Just kidding~ I LOVE being married, especially to my wife!!!

Get n healthy
02-21-2007, 10:17 PM
Well, i just have the typical dumb things...like putting my foot in my mouth...i do that often. My sister, mom, and my best friend won the award of dummest things said. Get this, my sister was with me and a group of political intellectuals one day. She blurted out, "wait, who was president when Kennedy got shot?" It was insanely quiet after she said that. Once she realized what she said she turned beet red and didnt say another word the entire night.
Next prize goes to my best friend. We were on a road trip to florida with our boyfriends (whom we later married) and she said, "what state would we end up in if we kept going straight down through Florida?" Too funny.
Then there is my dear mother. She was giving my 13 year old a geography lesson. They got on the topic of Alaska. She said, "isnt it funny how Alaska is right next to Hawaii yet their climates are so different". My son just looked at her. She took pity on his confused look and proceeded to show him on the map how they are both located at the bottom left of the map they were looking at. My son looked at me and said, "What am i supposed to say?" He didnt want to be rude and point out to grandma that alaska is actually up by Canada, they just show it by Hawaii because the map doesnt have Canada on it. Geeze mom. She laughed and said, "Well, i always wondered why an island had such a straight edge on that eastern side." DUH. Too funny.
Hanging out with relatives like that can make you feel really smart, ha ha.

BlueToBlue
02-21-2007, 11:13 PM
The dumbest thing you've ever done was lock your keys in your trunk? I've done that! More than once! Eeesh.
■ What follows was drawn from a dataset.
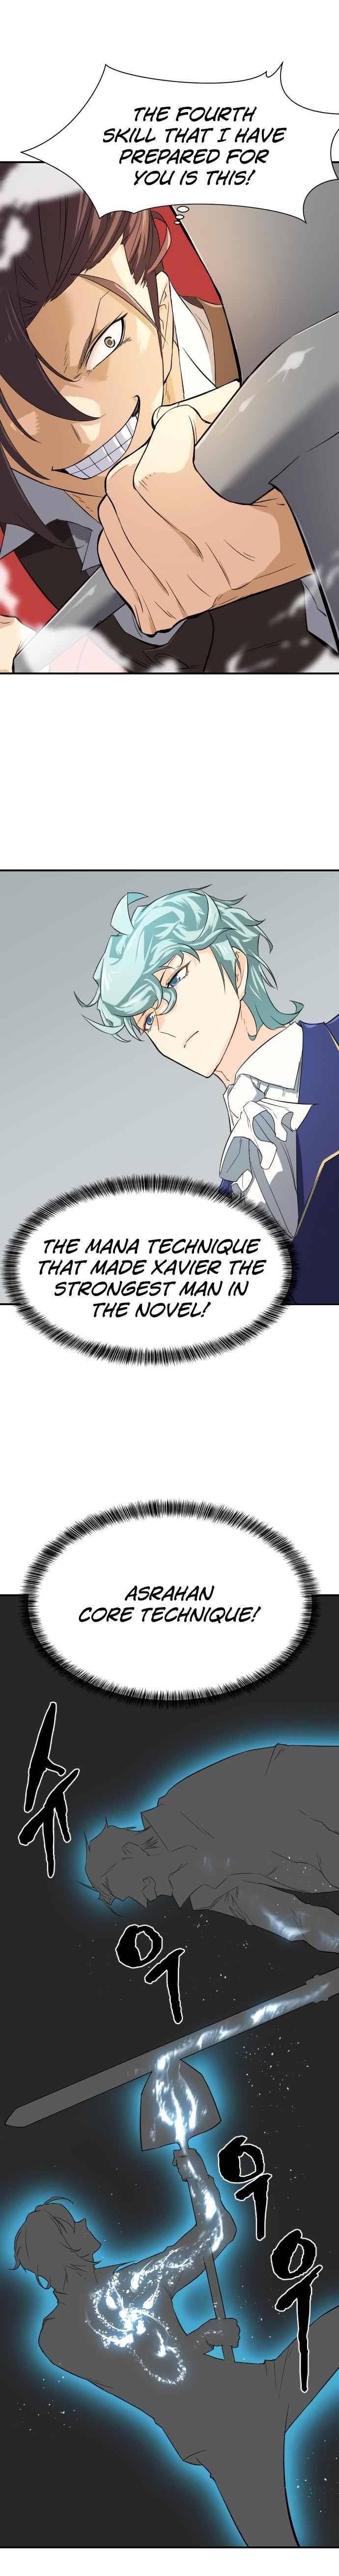 The Greatest Estate Developer Chapter 6 page 17

Same here...locking my keys in my car isn't even close to the dumbest thing I've ever done. I used to lock my keys in the car so frequently that I took to carrying a spare key in my purse and keeping another spare in the house. Then I would lock my car key, house key, and purse in the car. I did this once in the middle of the freeway during the morning rush hour. It is an amusing story but surprisingly not the dumbest thing I've ever done so I won't digress to tell it here.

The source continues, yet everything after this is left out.